Glycine max (soybean) is an important food and industrial crop (Schmutz et al., 2010). A major pest afflicting global soybean production is the soybean cyst nematode (SCN, Heterodera glycines), which causes yearly U.S. soybean yield losses of over 1 billion USD (Niblack et al., 2006; Mitchum, 2016; T. W. Allen, 2017). SCN is an obligate parasite that invades host roots and induces individual host cells to form a complex syncytium that serves as the SCN feeding site (Niblack et al., 2006; Mitchum, 2016). SCN feeding depletes available host resources and a functional syncytium must be maintained for 2-4 weeks for the nematode to complete its lifecycle. Since the unhatched eggs within cysts can remain viable for many years in the field, SCN is difficult to manage and is primarily controlled by growing naturally resistant soybeans (Niblack et al., 2006).
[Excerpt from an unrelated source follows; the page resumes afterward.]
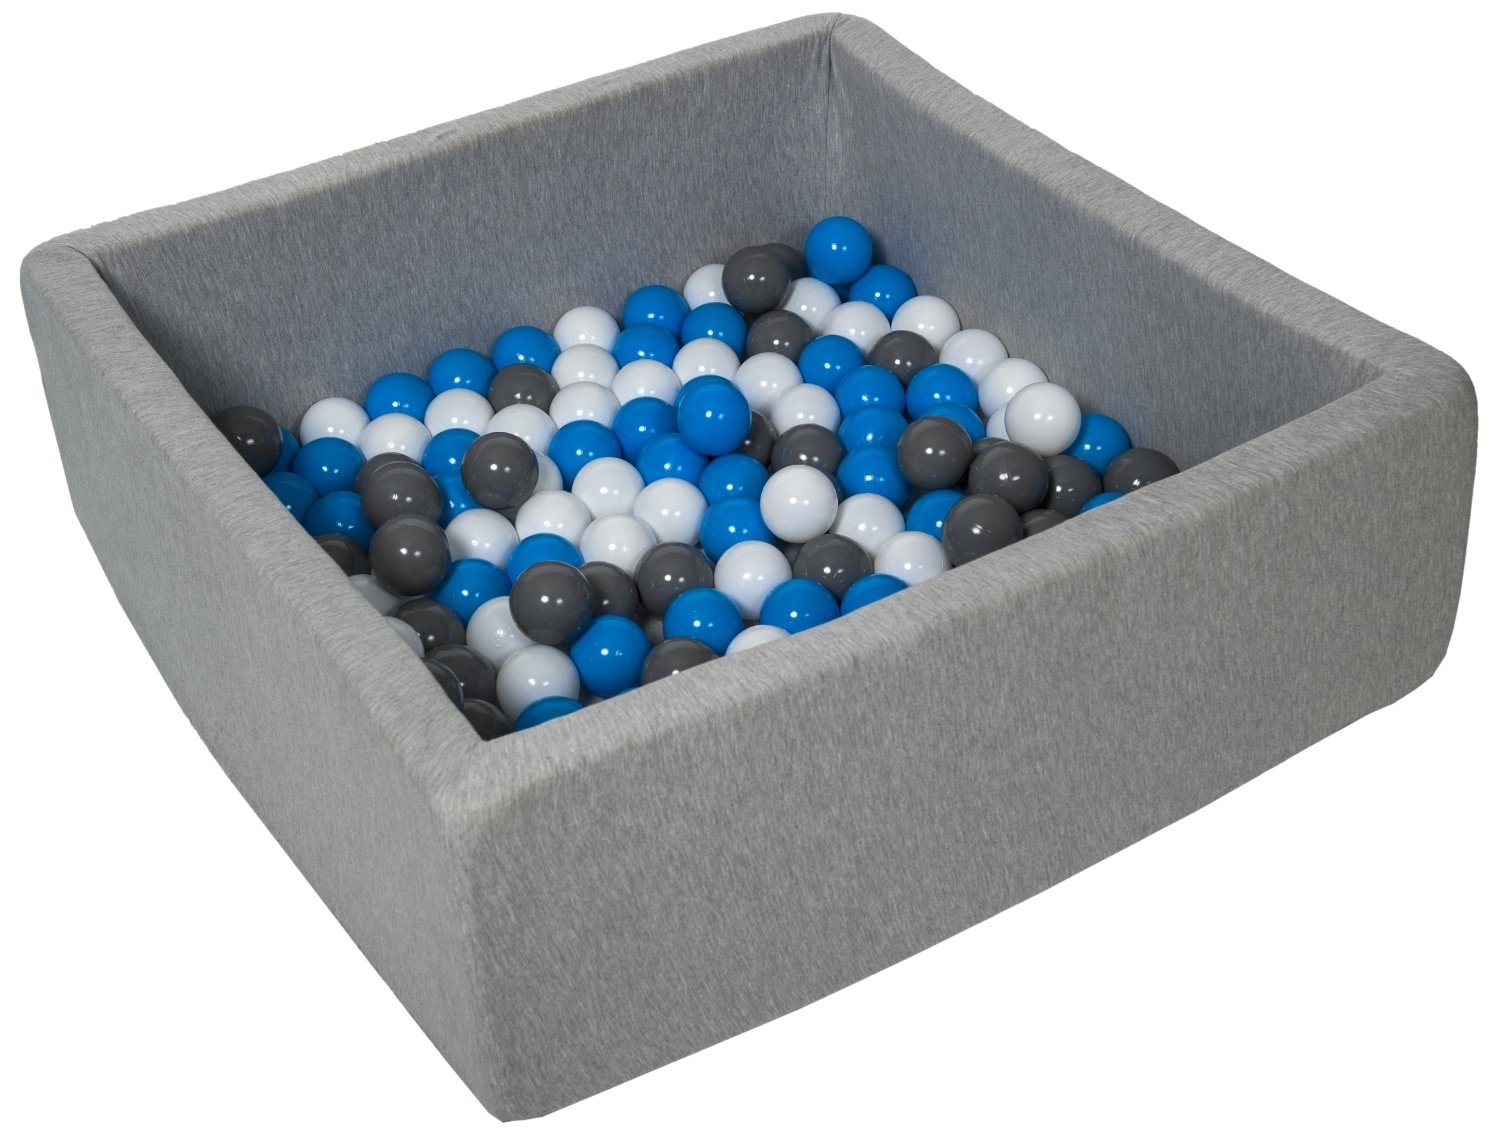 Piscine à balles carré pour bébé avec 150 balles 90x90cm gris clair balles turquoise

Among known soybean loci contributing to SCN-resistance, the Rhg1 (Resistance to Heterodera glycines 1) locus found on chromosome 18 provides the strongest protection (Concibido et al., 2004). Rhg1 causes the SCN-induced syncytium to fail a few days after induction, and the soybean PI 88788-type “rhg1-b” haplotype is the primary SCN resistance locus used in commercially grown soybeans (Concibido et al., 2004; Niblack et al., 2006; Mitchum, 2016).
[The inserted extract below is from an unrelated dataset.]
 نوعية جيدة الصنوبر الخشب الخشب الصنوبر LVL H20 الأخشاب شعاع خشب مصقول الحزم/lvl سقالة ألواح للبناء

Soybean Rhg1 is an unusual disease resistance locus that consists of a ∼31.2 kb unit that is tandemly repeated as many as 10 times (Cook et al., 2012). Within each 31.2 kb Rhg1 repeat unit are four different Rhg1-encoded genes: Glyma.18G022400, Glyma.18G022500, Glyma.18G022600, and Glyma.18G022700, none of which have similarity to previously identified resistance genes (Cook et al., 2012; Cook et al., 2014; Lee et al., 2015). Of the three Rhg1 genes that contribute to SCN-resistance, only Glyma.18G022500, an α-SNAP (alpha-Soluble NSF Attachment Protein), has amino acid polymorphisms relative to the wild-type Rhg1 gene alleles present in SCN-susceptible soybeans (Cook et al., 2012; Cook et al., 2014; Lee et al., 2015). The mRNA transcript abundance of all three resistance-associated Rhg1 genes is significantly elevated in SCN-resistant multi-copy Rhg1 soybeans, relative to SCN-susceptible single-copy Rhg1 (WT Rhg1) soybeans (Cook et al., 2012; Cook et al., 2014).
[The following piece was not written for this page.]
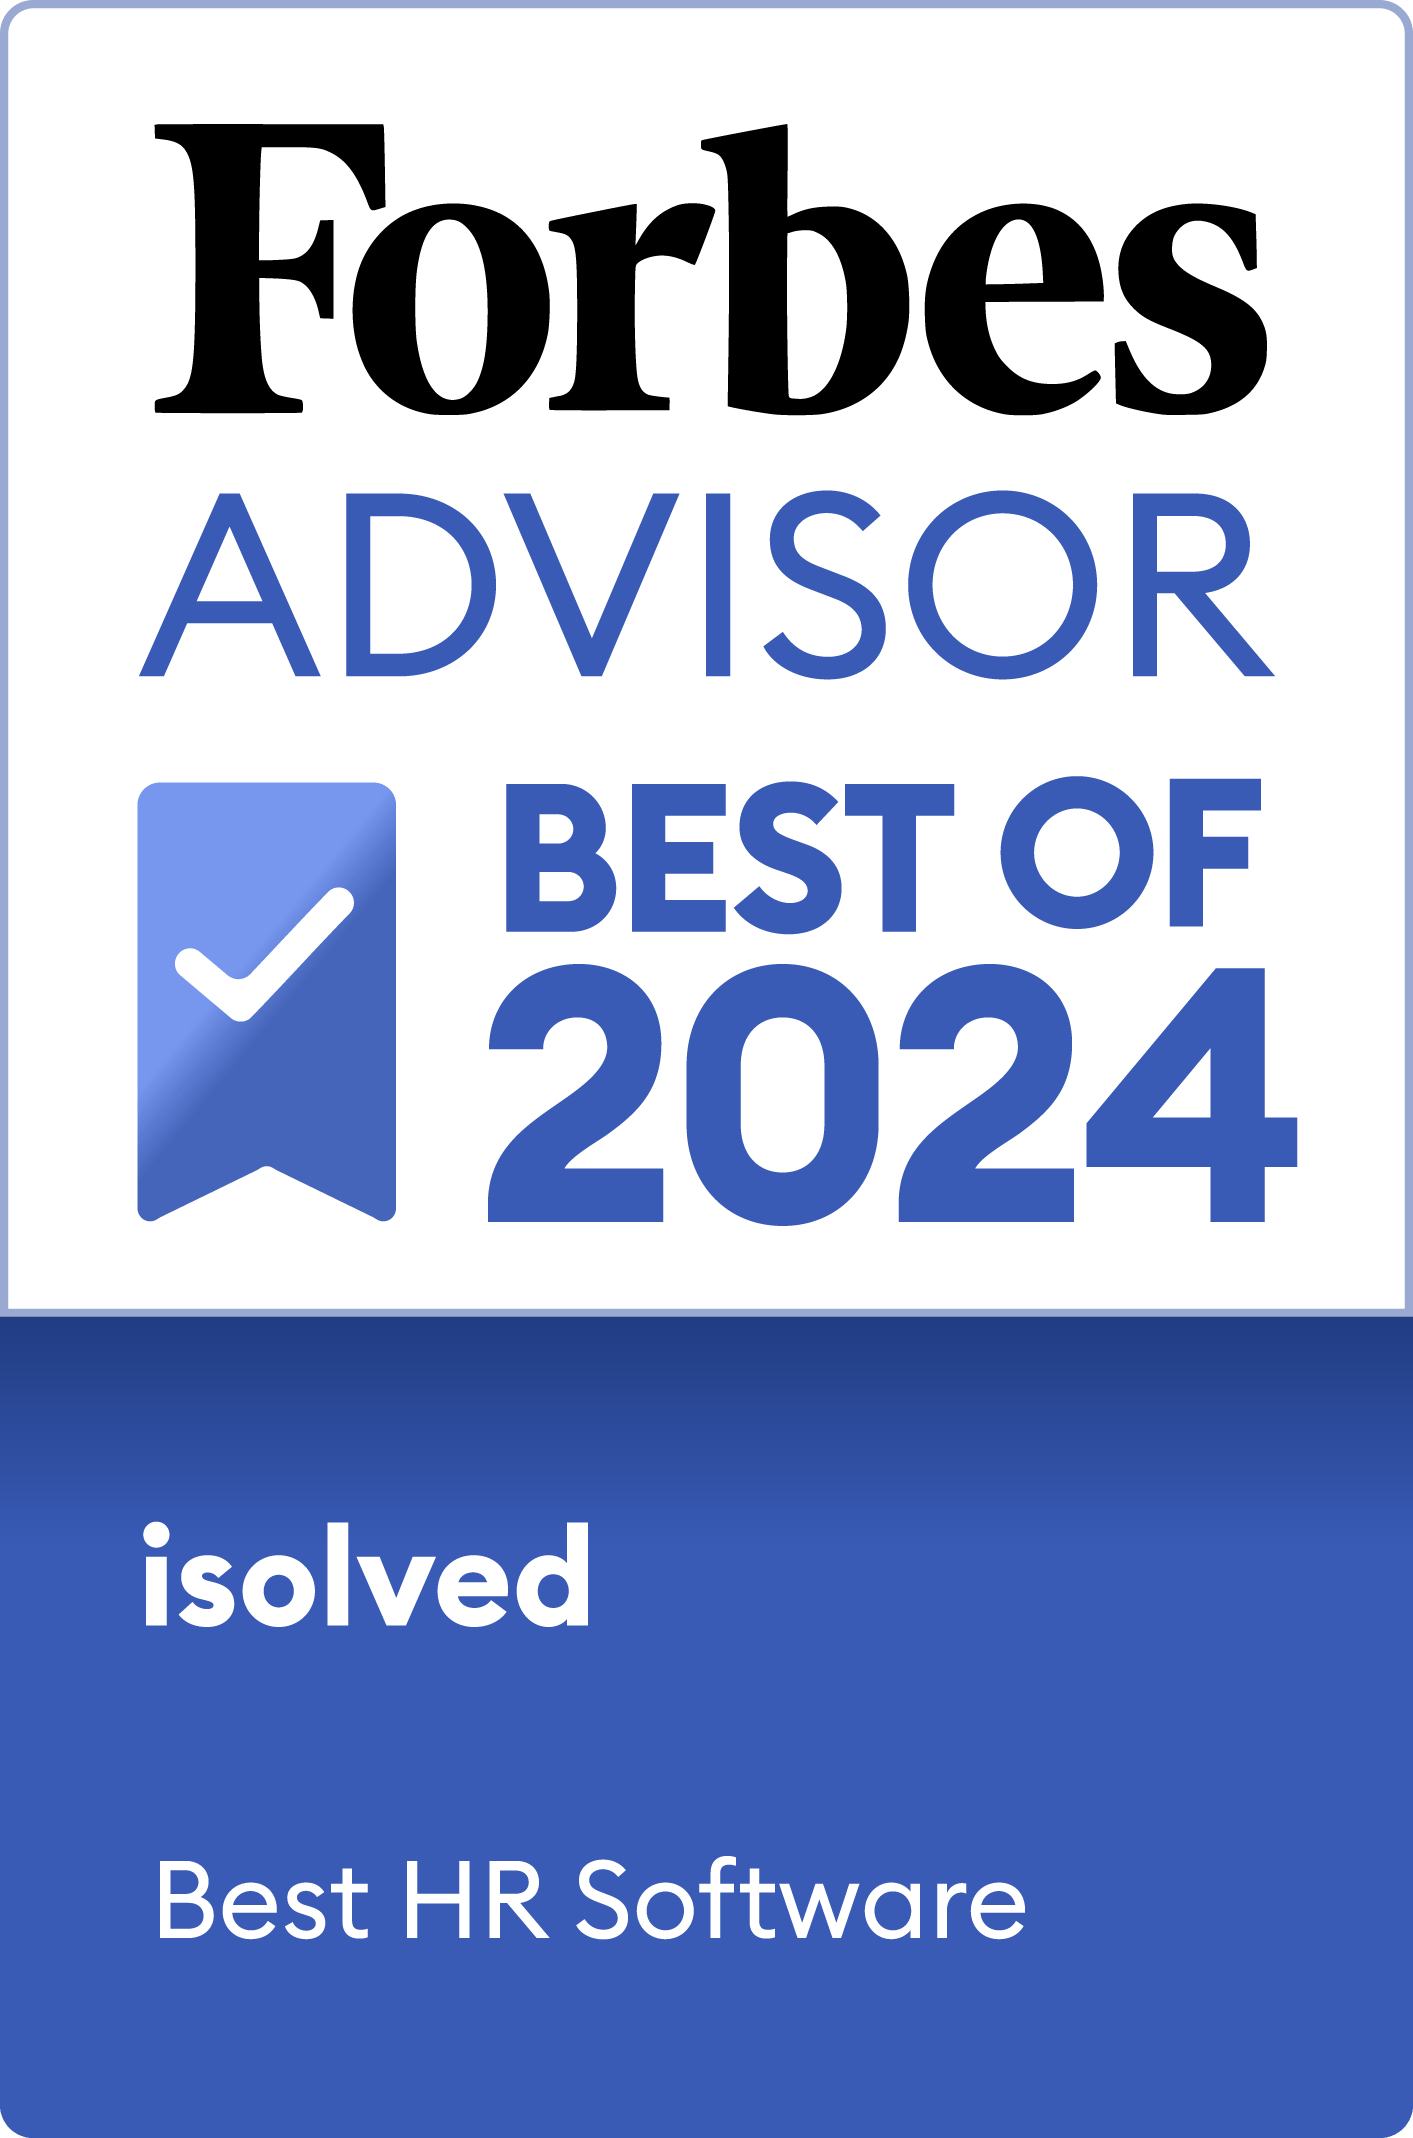 Forbes Advisor Best of 2024

At least two distinct Rhg1 genotype classes exist: “low-copy Rhg1” (rhg1-a, sometimes referred to as Rhg1LC, often derived from PI 548402 ‘Peking’), and “high-copy Rhg1” (rhg1-b, sometimes referred to as Rhg1HC, often derived from PI 88788) (Niblack et al., 2002; Brucker et al., 2005; Cook et al., 2012; Cook et al., 2014; Bayless et al., 2018). These Rhg1 genotype classes represent two distinct multi-copy Rhg1 haplotypes that vary most notably by: a) Rhg1 repeat number (a high or low number of Rhg1 repeats), and b) encoding distinctive resistance-type α-SNAP proteins with C-terminal polymorphisms at a conserved functional site (Cook et al., 2014; Bayless et al., 2016). rhg1-a resistance is bolstered by an unlinked chromosome 8 locus, Rhg4, whose presence contributes to full-strength “Peking-type” SCN resistance (Meksem et al., 2001; Liu et al., 2012). Rhg4 encodes a polymorphic serine hydroxy methyl transferase with altered enzyme kinetics, but the molecular basis of resistance augmentation by Rhg4 is not yet understood (Liu et al., 2012; Mitchum, 2016). Several rhg1-b and rhg1-a accessions have been analyzed by whole genome sequencing (WGS) studies, and characteristic single nucleotide polymorphism (SNP) signatures predictive of rhg1-b or rhg1-a haplotype soybeans have been reported (Cook et al., 2014; Lee et al., 2015; Shi et al., 2015; Kadam et al., 2016; Patil et al., 2019). Additionally, studies by Arelli, Young and others have profiled SCN-resistance among thousands of USDA soybean accessions and noted substantial phenotypic variation (e.g., (Anand, 1984; Hussey et al., 1991; Young, 1995; Diers et al., 1997; Arelli et al., 2000; Vuong et al., 2015; Klepadlo et al., 2018)). However, the influence of all Rhg1 haplotype and/or allelic variation factors on SCN resistance expression or plant yield is not yet fully understood.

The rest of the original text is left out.